Sekitar 2 menit mereka saling terdiam dan bergelut dengan pikiran masing-masing. Namun tiba-tiba Fathur mengucapkan kalimat yang membuat Tasya terkejut dan tidak percaya.
"Sya. Ayo kita kawin lari."
"Gak! Kamu udah gila, ya?" tolak Tasya.
"Kita gak punya pilihan lain. Ayolah. Kita ini saling mencintai, jadi apa salahnya?" kata Fathur. Dia mencoba membujuk Tasya untuk menyetujui ide gilanya.
"Gak. Sekali gak ya gak. Apa kamu pikir pernikahan bermodalkan cinta aja udah cukup? Gak Fathur. Pernikahan tanpa restu kedua orang tua kita gak akan membuat kita bahagia," ujar Tasya.
"Apa kamu mau membuat malu semua keluargamu, hah?! Bukan cuma keluargamu yang harus menanggung malu, tapi keluargaku juga. Bukan hanya itu, anak cucu kita juga nanti akan ikut menanggung malu akibat ulah kita," imbuh Tasya.
Fathur terdiam. Dia sadar, yang dikatakan Tasya itu memang sangat benar.
"Lalu kita harus gimana?" tanya Fathur. Pemuda itu masih belum bisa berpikir jernih.

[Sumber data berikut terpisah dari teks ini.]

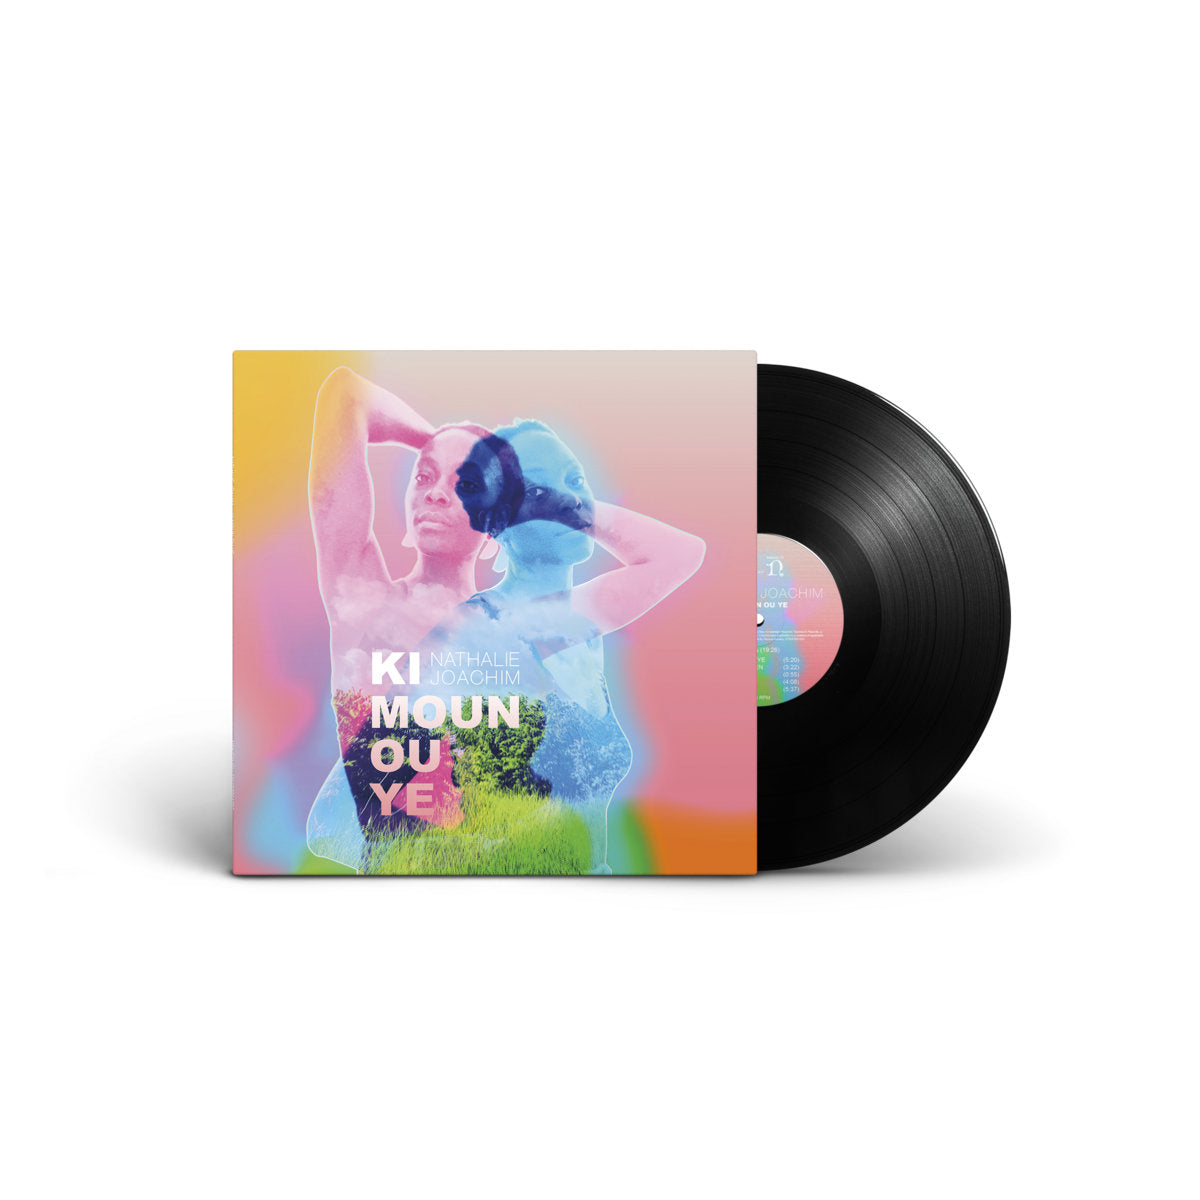 Nathalie Joachim - Ki Moun Ou Ye: Vinyl LP

"Aku minta, menikahlah dengan pilihan orang tuamu. Ya, gak bisa aku pungkiri, aku juga ikut memilih dia untuk kamu." Tidak terasa air matanya kembali menetes dengan deras untuk yang kesekian kalinya.
"Lalu gimana dengan kamu kalau aku menikah dengan orang lain? Dan gimana dengan aku juga? Apakah kita berdua bisa sama-sama bahagia menikah dengan orang yang tidak kita cintai sama sekali?" tanya Fathur.
"Jangan peduliin aku. Kamu harus bahagia dengan rumah tanggamu nanti. Dan suatu saat nanti, aku pasti juga bisa menemukan kebahagiaanku sendiri," kata Tasya sambil menyeka air matanya.
"Dan untuk kamu. Aku yakin, pelan-pelan, kamu juga bisa mencintai istrimu. Dia gadis yang baik, dan dia lebih segala-galanya dari aku. Aku yakin, dia pasti bisa membahagiakan kamu nanti," imbuh Tasya, sambil meraih tissu yang ada di dashboard mobil Fathur.